Red Deer RCMP Supt. Gerald Grobmeier said there are several factors that contributed to some of the increases in crime in first quarter of 2019, including extreme weather this winter, which unfortunately, translated into many vehicles being stolen while they were running and unlocked. (File photo by Advocate staff)

Red Deer’s crime rate climbing

Crime is on the rise in the city, with some incidents of wrongdoing climbing more than 40 per cent from the year before.

“Throughout 2018 and the tail end of 2017, we consistently saw decreases across key areas … ,” said Supt. Gerald Grobmeier, officer in charge of the Red Deer RCMP.

“However, the numbers for this first quarter of this year are showing increases.

“It’s not necessarily unusual to see increases after such a prolonged period of significant decreases, but we know we need to act to ensure this increase doesn’t become a trend,” said Grobmeier, noting this year’s statistics remain lower than in previous years.

When comparing the first quarter of 2019 to the first quarter of 2018, total Criminal Code files increased by 27 per cent. This is 22 per cent lower than the same time period in 2017.

Total crimes against persons increased by seven per cent.

There were 27 robberies in 2019, compared to 20 in 2018 in the same period.

Sexual assaults experienced a 20 per cent spike this year, which equalled nine more sexual assaults in three months.

Grobmeier attributes the spike to an increase in reporting. With the #MeToo movement, more victims are comfortable coming forward and making reports, he said.

“It’s encouraged more people. We don’t want more sexual assualts, but we certainly want people to be comfortable to report.”

Total property crime increased by 41 per cent, but remains 27 per cent lower than the same period in 2017. Theft under $5,000 increased by 30 per cent, but remains about 31 per cent lower compared to the same time in 2017.

Break and enters increased by 39 per cent in the first quarter of this year.

In the first quarter of 2019, 377 vehicles were reported stolen, compared to 177 in the same period in 2018.

“We recognize that an increase in crime rates is not what the community wants to see, and it isn’t what we want to see either,” said Grobmeier.

“There are several factors that we believe contributed to some of the increases, including extreme weather this winter, which unfortunately, translated into many vehicles being stolen while they were running and unlocked.”

Traditionally, the number of stolen vehicles increases in winters in Red Deer, when compared to summers, he added.

“Most of the stolen vehicles were left running with keys in.”

Other factors that led to the increase in crime include migration of criminals to Red Deer from other parts of Alberta such as Calgary and Edmonton, said the superintendent, as well as from smaller communities.

“We’ve seen other detachments surrounding us have been mimicking what we do in our crime reduction strategies, so there’s a lot more pressure coming on to these criminals in other areas. “

Grobmeier said, “when we look at the quarter, we may be a bit shocked,” but the numbers are lower compared to recent years.
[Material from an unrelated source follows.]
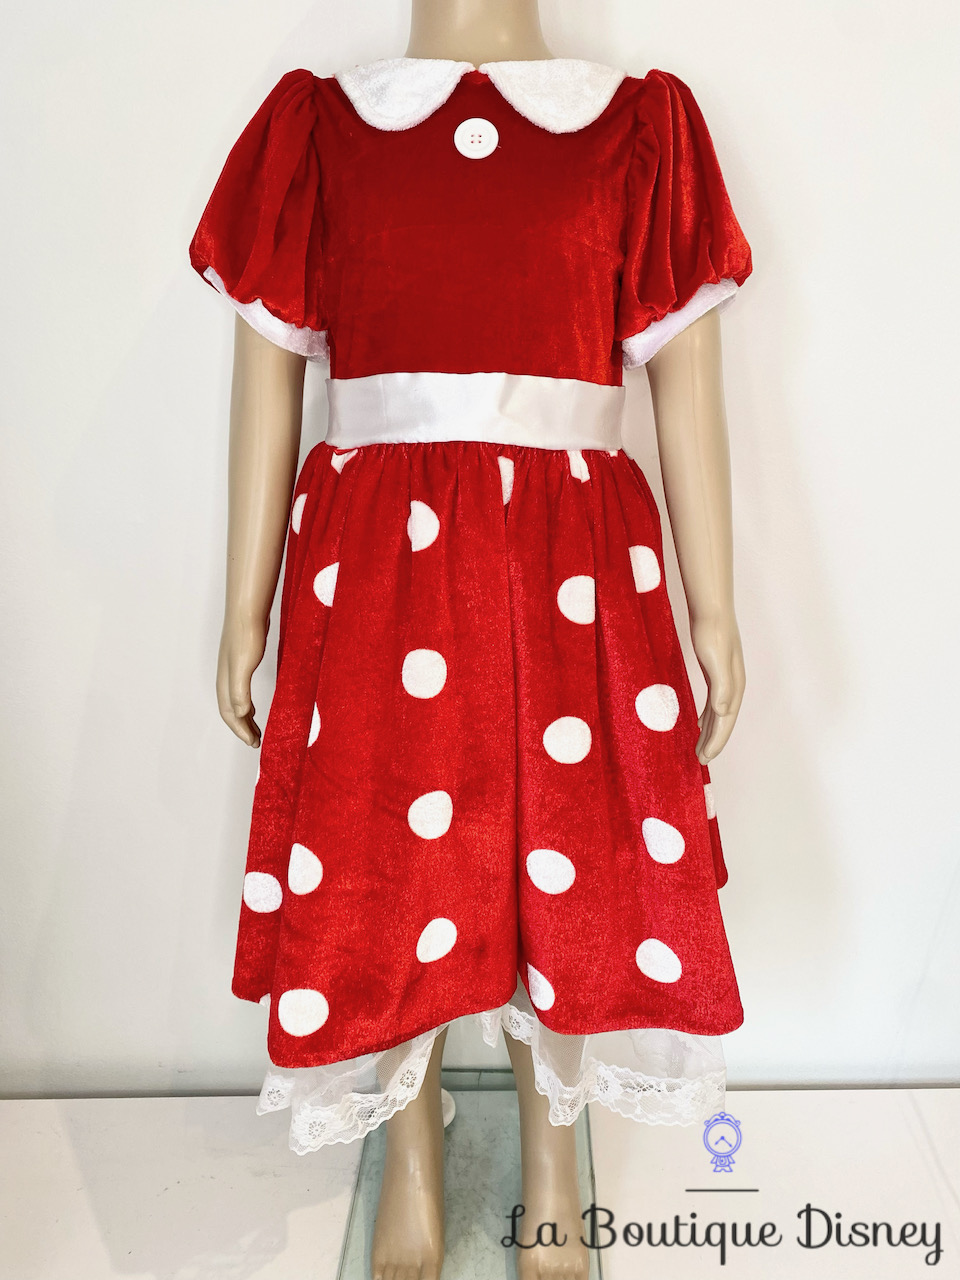 Déguisement Minnie Mouse Disneyland Paris Disney taille 6 ans robe rouge pois

One of the ways police are working to reduce crime is through Pinpoint, a made-in-Red Deer program that targets repeat offenders and crime hot spots.

Between Jan. 7 and April 8 of this year, Red Deer RCMP conducted 521 checks on targeted people and addresses identified through Pinpoint.

Police also conducted another 1,368 checks in crime hot spots.

Many factors in 2018 worked in the RCMP’s favour, which Grobmeier described as a best-case scenario.

“(One such scenario was) every one of our Pinpoint targets was in jail for a significant amount of time (in 2018),” he explained.

Downtown Business Association executive director Amanda Gould said its members have noticed a positive impact since the launch of the downtown police unit.

The four-officer detail focuses on patrols, having a police presence and public engagement.

“They do feel they’ve been heard, that they’re seeing the unit and the unit officers are going in to chat with them and find out what’s going on,” Gould of her members’ experiences.

“It’s really gone a long way in helping the perception from a business perspective.”